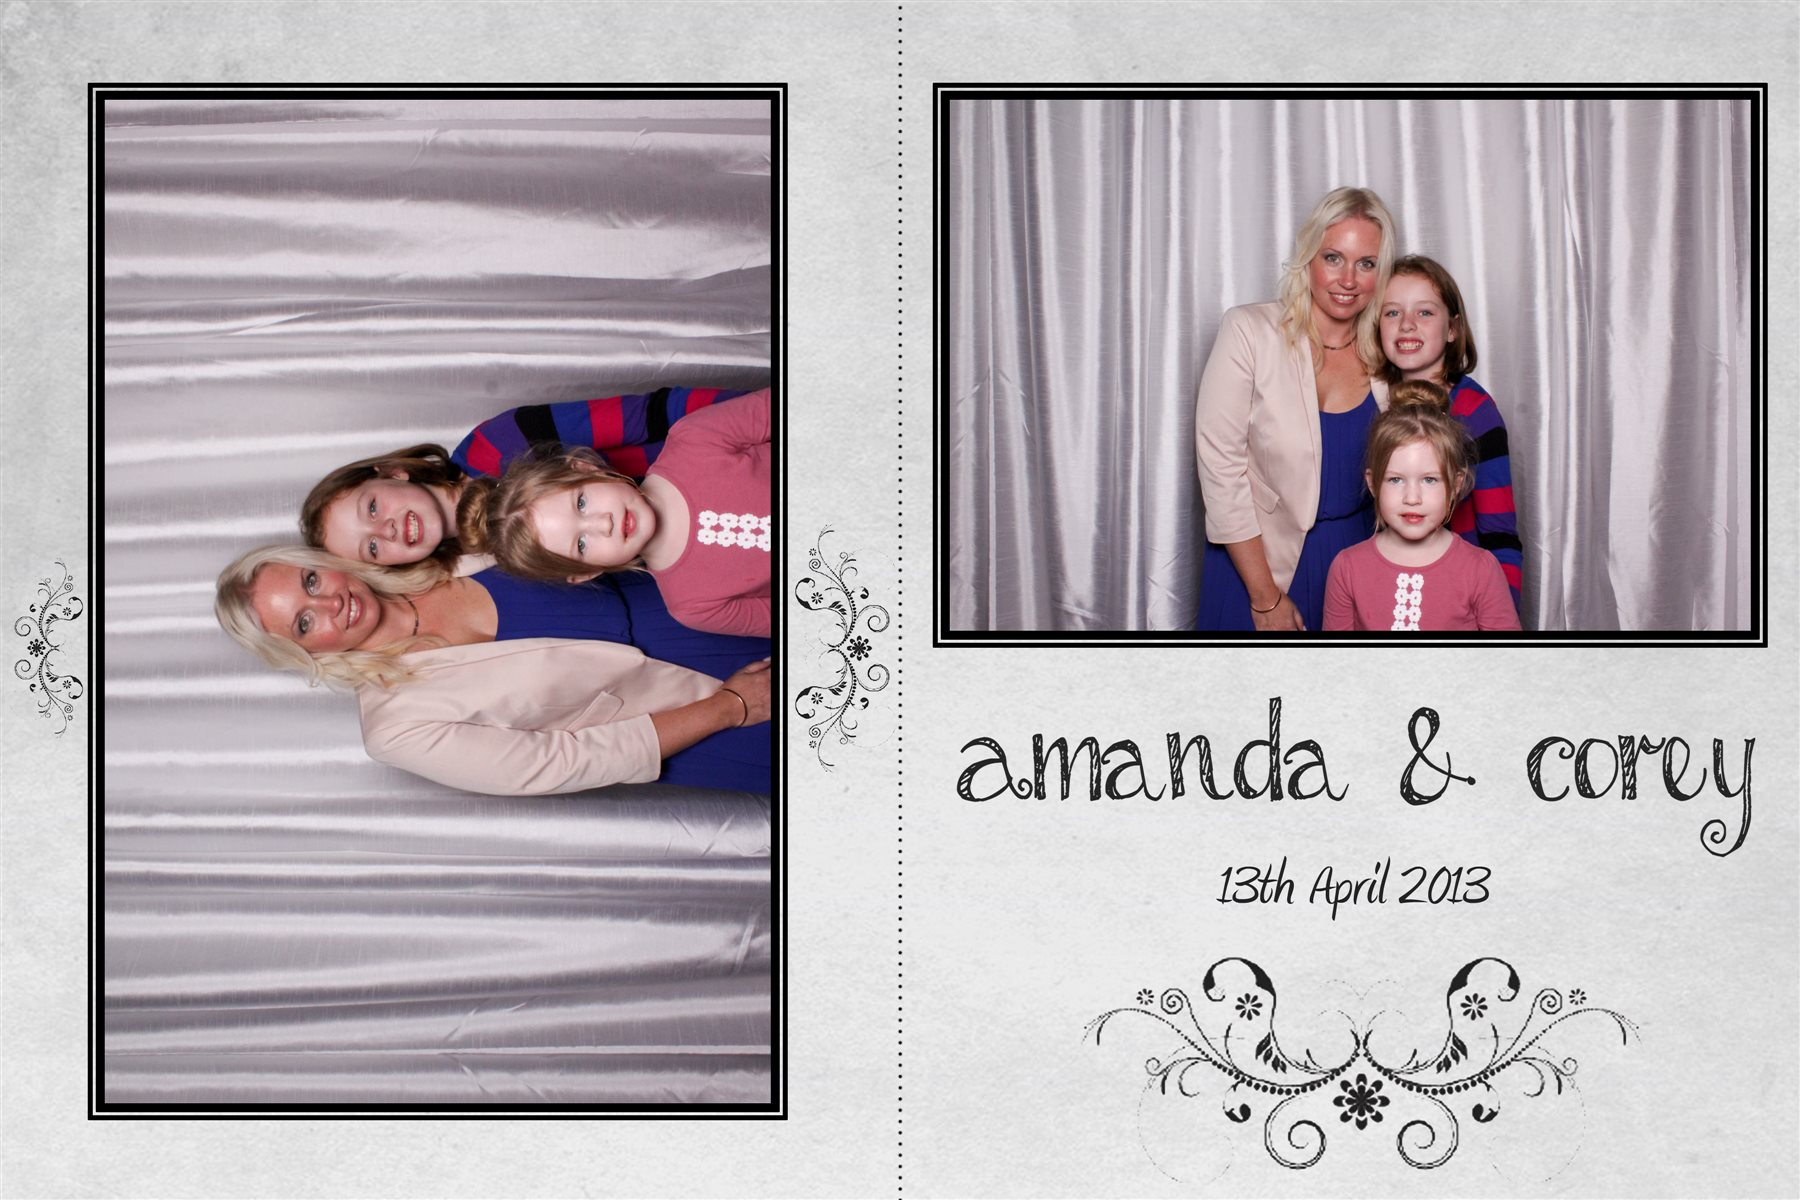 Amanda Booth and Tyler Laneys Wedding Website
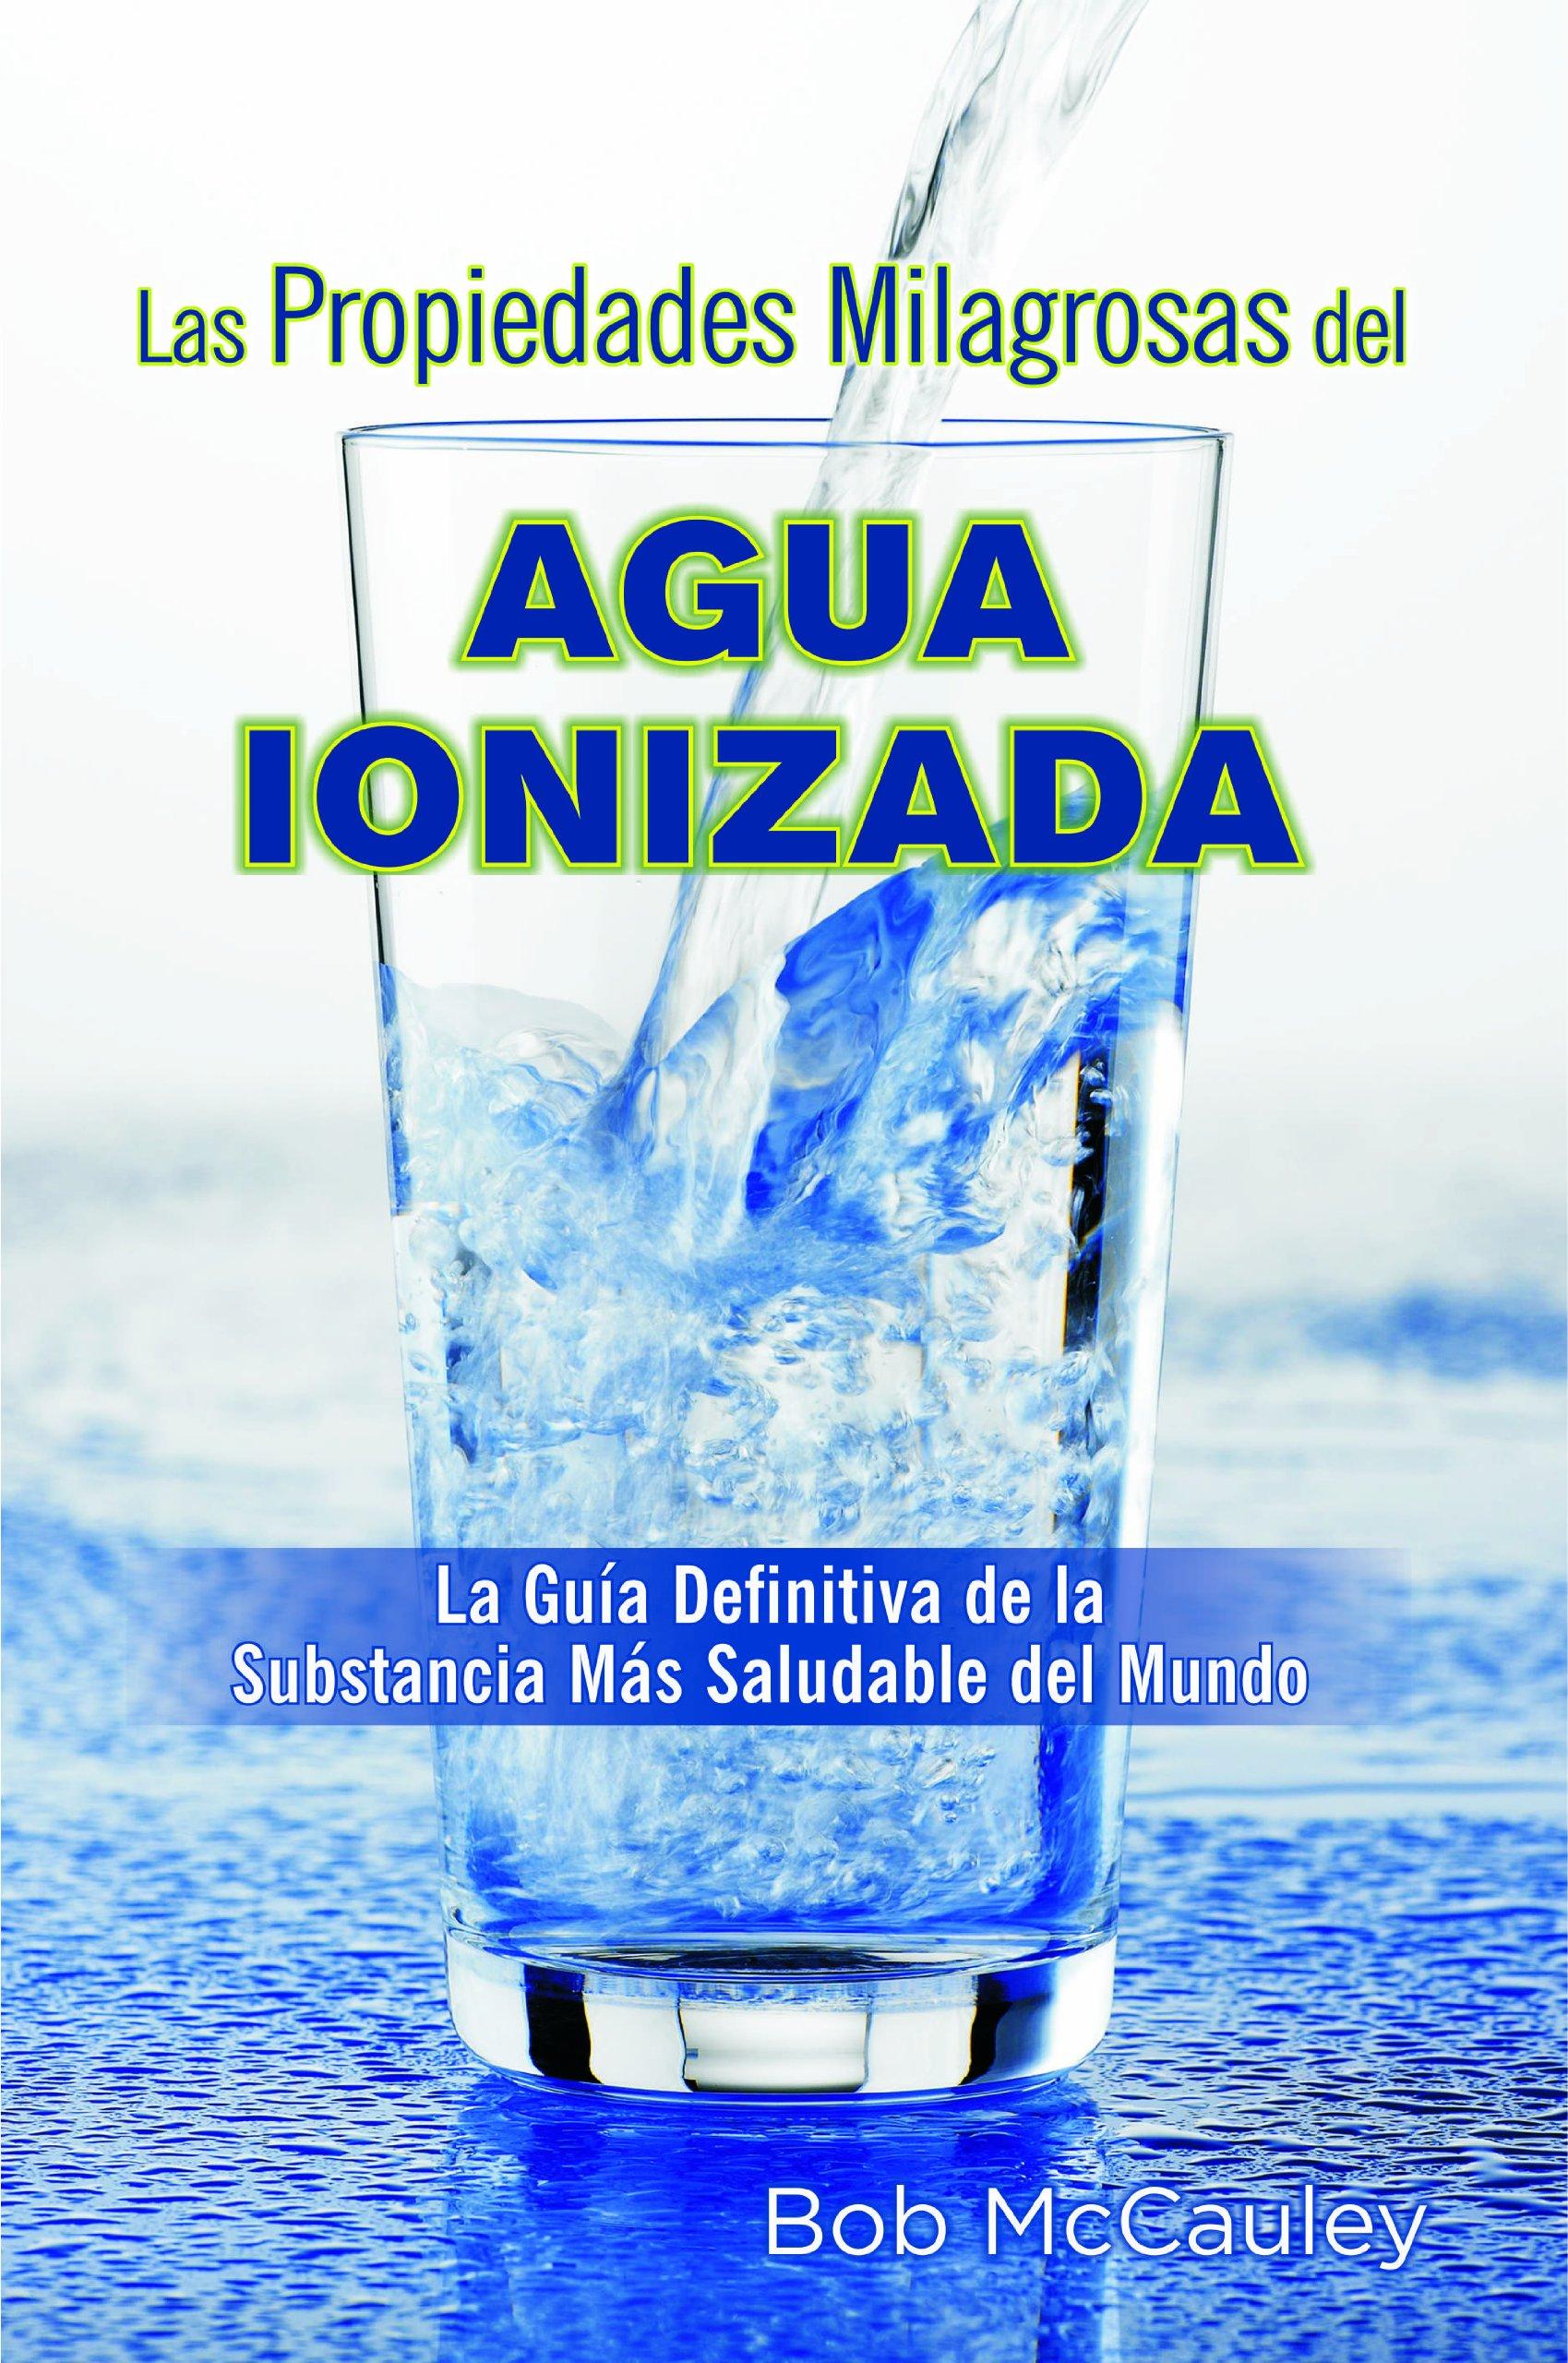 on sale performance sportswear another chance Las Propiedades Milagrosas del Agua Ionizada (Spanish ...
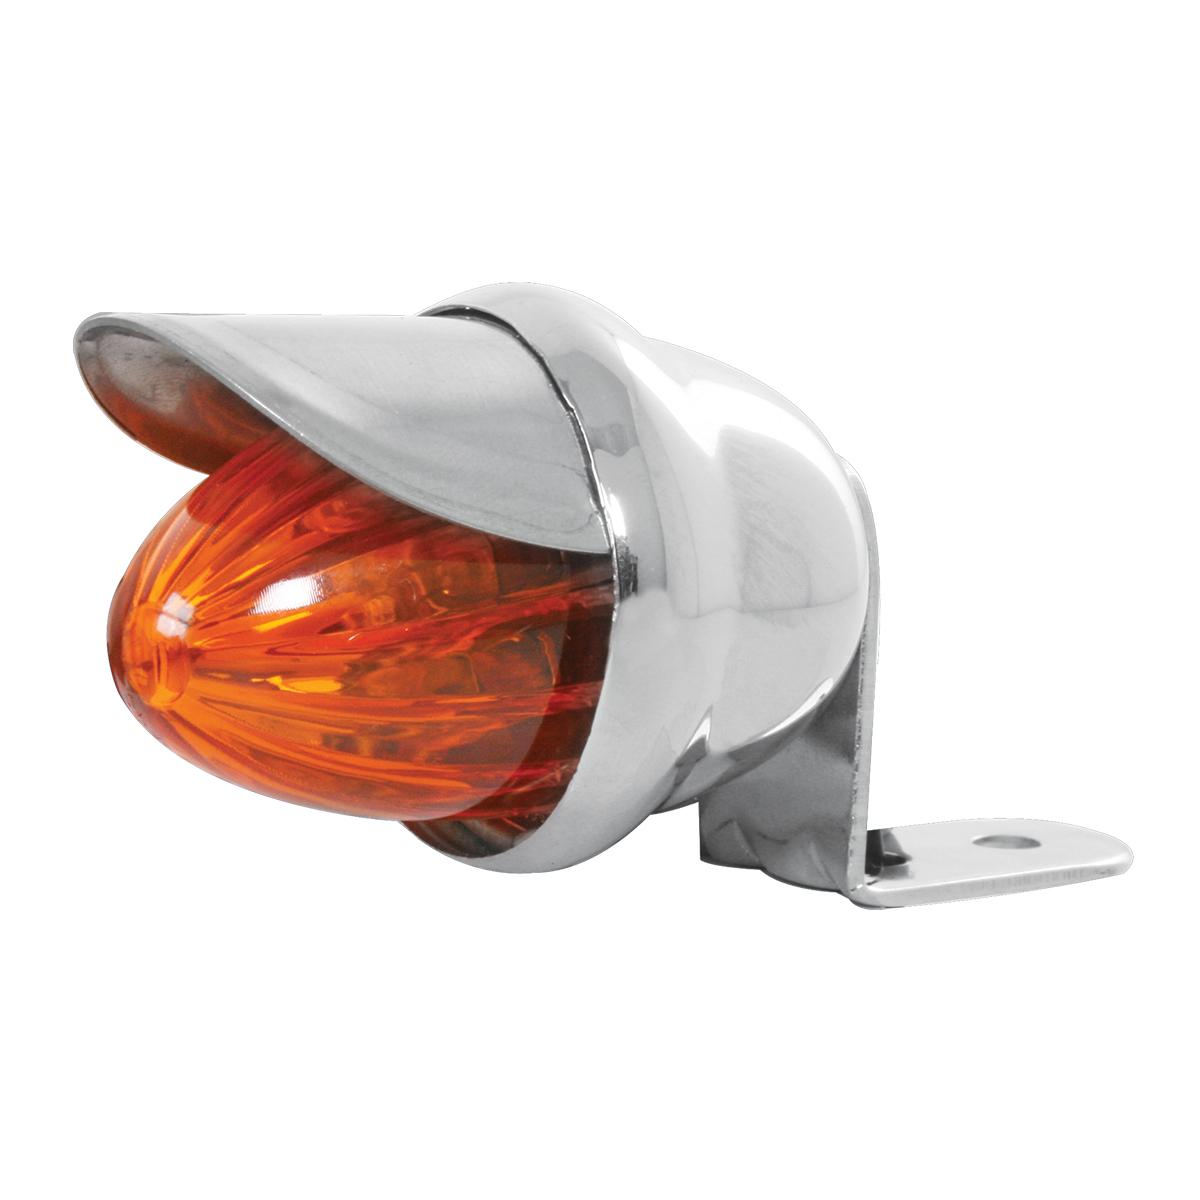 #82770 Mini Amber Marker & Clearance Single Light

● **Work item**
Output the complete listing exactly as it appears, except for the images.

● **Solution to the problem**
 Amanda Booth and Tyler Laneys Wedding Website
 on sale performance sportswear another chance Las Propiedades Milagrosas del Agua Ionizada (Spanish ...
 #82770 Mini Amber Marker & Clearance Single Light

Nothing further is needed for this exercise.